In 1492, Christopher Columbus set sail from Spain in search of East Asia. He sailed west across the less explored Atlantic Ocean hoping to reach Japan, but an entire unknown continent lay in between Japan and Europe. After four weeks, a sailor sighted land. It was the small island of Guanahani, known today as the Bahamas. Columbus died thinking he had made it to the far east, but he had in fact discovered the Americas. Many islands including Jamacia and Hispaniola, the location of modern-day Haiti and the Dominican Republic became colonies of Spain. Portugal colonised much of South America including Brazil in 1500. The Spanish started transporting enslaved Africans directly from Africa to colonies from 1518. The Portuguese from 1550. The enslaved Africans worked on plantations growing and harvesting sugarcane, tobacco, and cotton.

 

The British landed in Africa in the 1530s but were not able to take control of Portugal and Africa’s gold trade. Instead, they found another way to make money. Aware that the Portuguese and Spanish were transporting enslaved Africans across the Atlantic to work in the West Indies, John Hawkins tried to copy this idea. He made three journeys to West Africa where, as well trading, he attacked Portuguese ships and took people straight from their homes, burning and raiding local towns. He then sailed across the Atlantic and sold the enslaved Africans to Spanish colonies in the West Indies. It made him very wealthy, and he was even knighted by Queen Elizabeth I. Hawkins last journey was 1568 after he lost three ships in battle with the Spanish. After that, the British gave up on the transatlantic slave trade. It was during the seventeenth century, under the rule of King James I that Britain’s role in the transatlantic slave trade was revived. Britain started to colonise land in the Americas and West Indies, including the Bahamas and Barbados. These colonies would become places where millions of enslaved Africans were taken and forced to work in inhumane conditions.
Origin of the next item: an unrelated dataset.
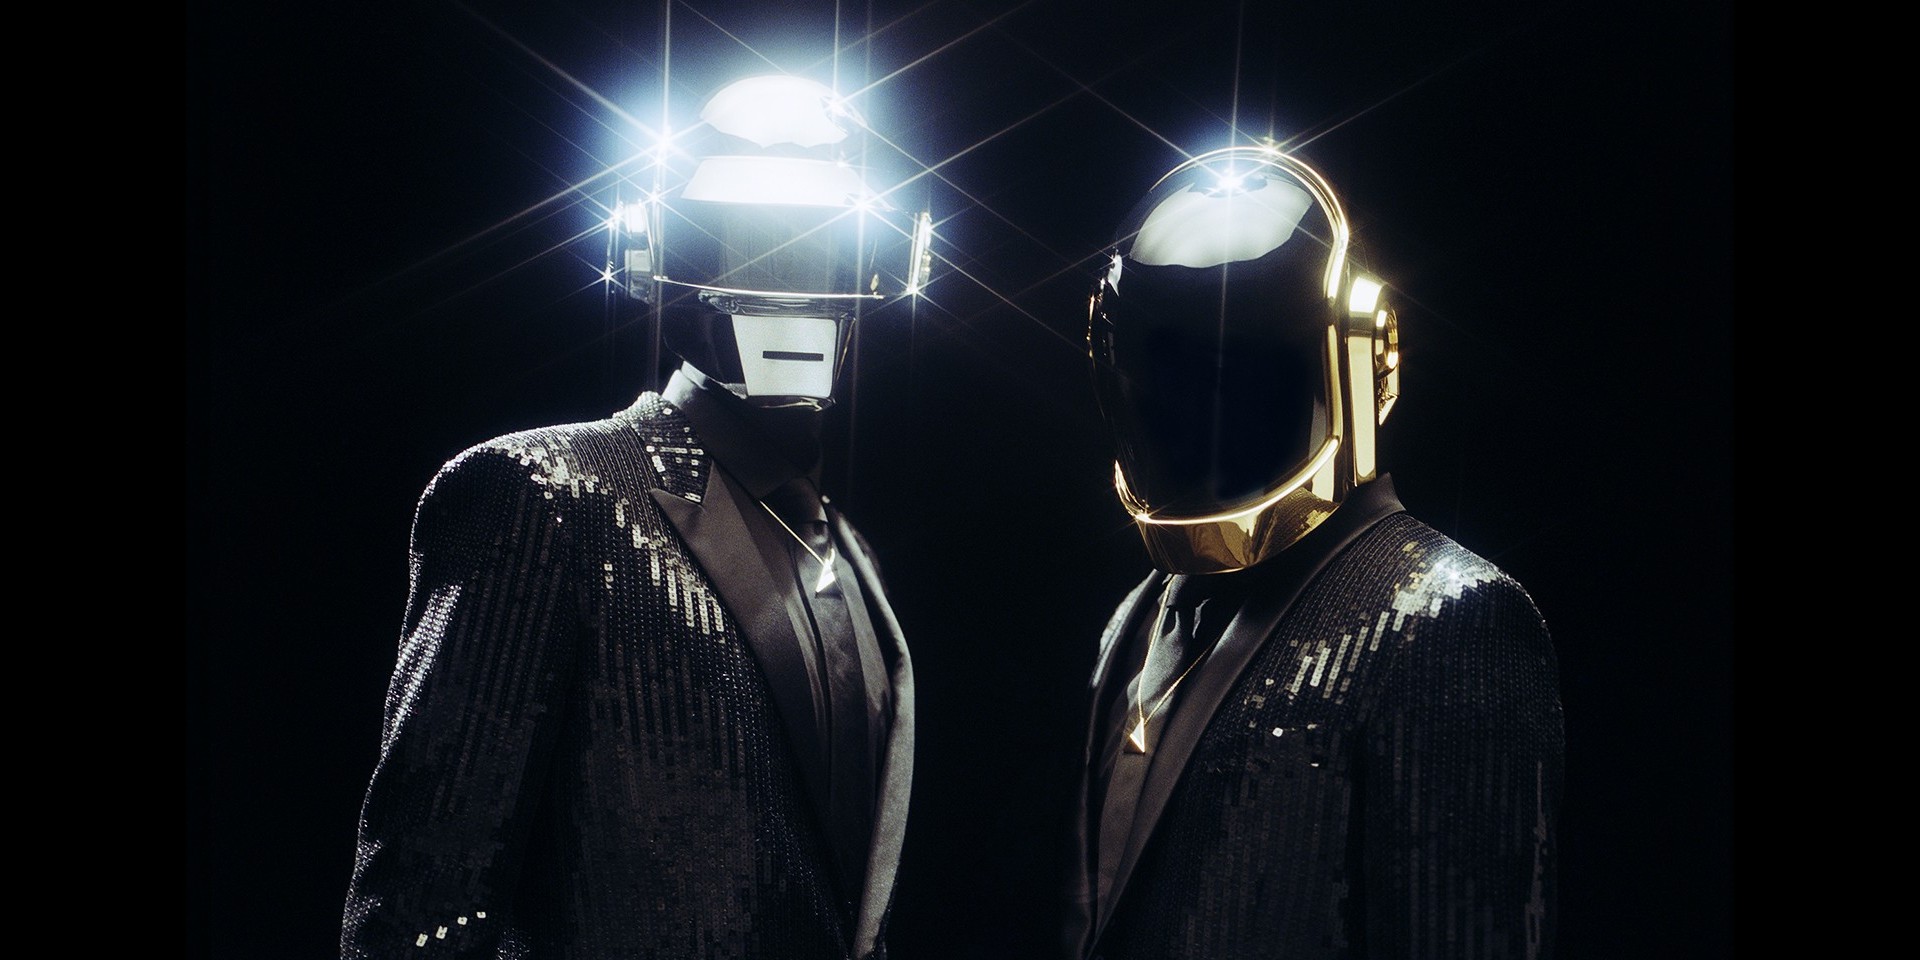 Daft Punk split up after 28 years: musicians and artists react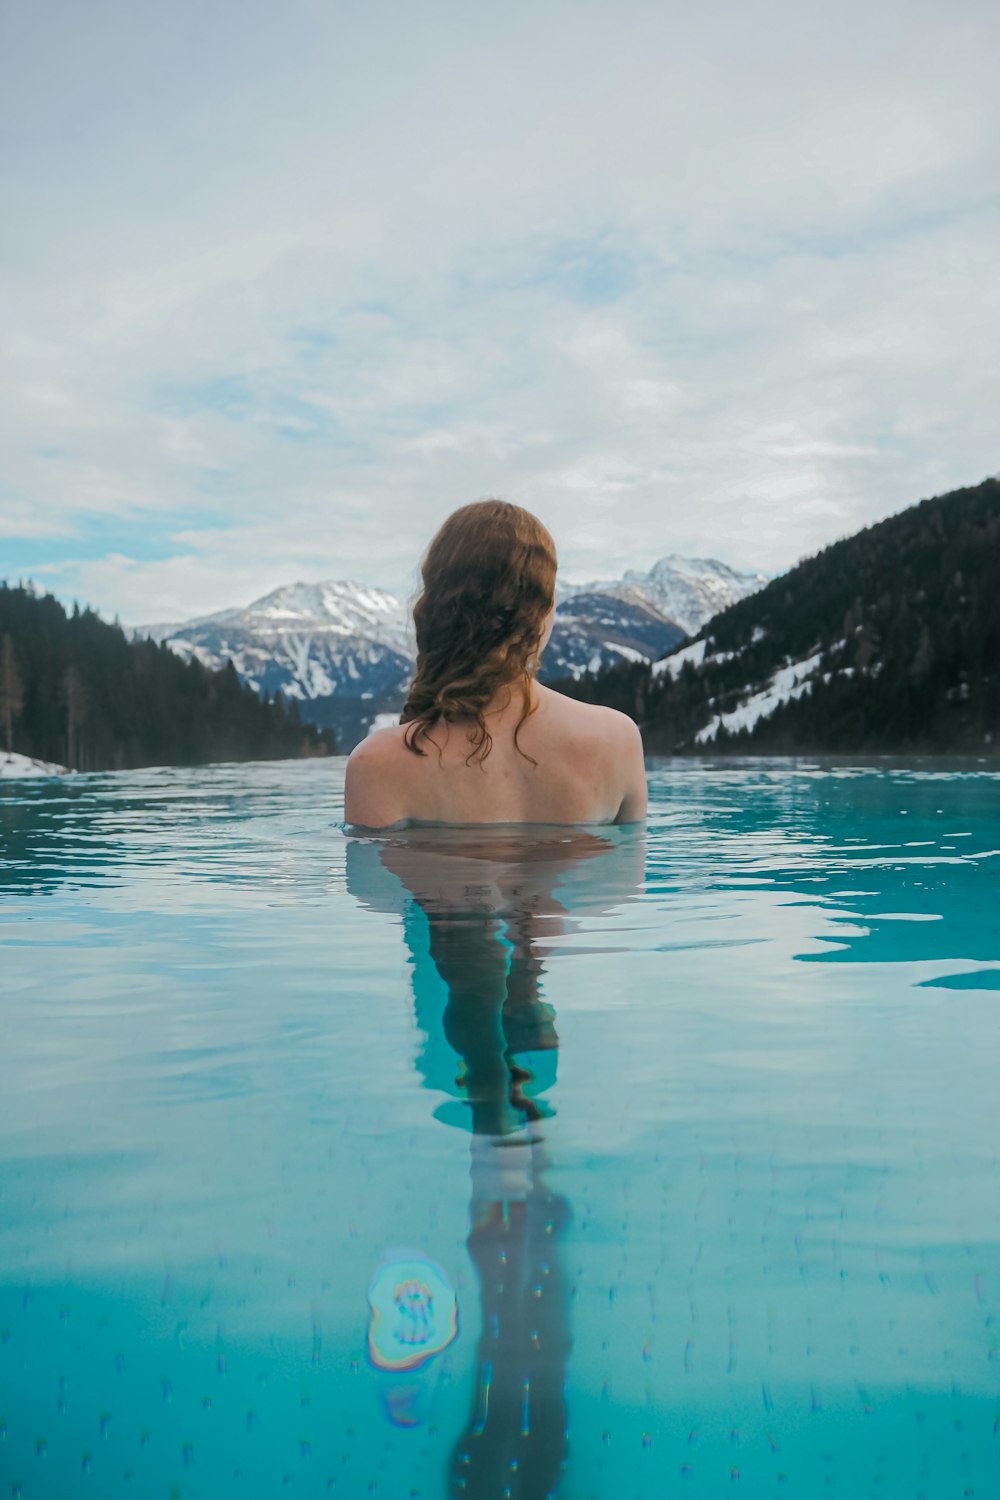 a woman sitting in a pool of water with mountains in the background

The enslaved Africans plugged a gap in labour, as the native population could not do all the work.

 

In 1660, the British took control of Jamaica, and the Royal African Company was established by England’s new King, Charles II. The Royal African Company put Britain on the path to becoming the biggest slave-trading country in Europe. In all, British traders enslaved 3.1 million people but in total, between the 1600s and 1800s, over 12 million Africans were sold into slavery. Africans were captured in West Africa, transported across the Atlantic (many dying in transit) and forced to grow and harvest raw materials such as sugar, tobacco, and cotton. These raw materials were transported across the Atlantic to the UK where they were turned into something else during the industrial revolution. Cotton grown and produced by enslaved Africans was spun and woven into cloth and silk in Manchester. The cloth and silk were then exported to West Africa in exchange for more enslaved Africans to be sent to the West Indies. Between 1775 and 1800, Manchester’s economy trebled on the back of the transatlantic slave trade. The wealth generated from the transatlantic slave trade was used to develop canals, railways, and grand buildings.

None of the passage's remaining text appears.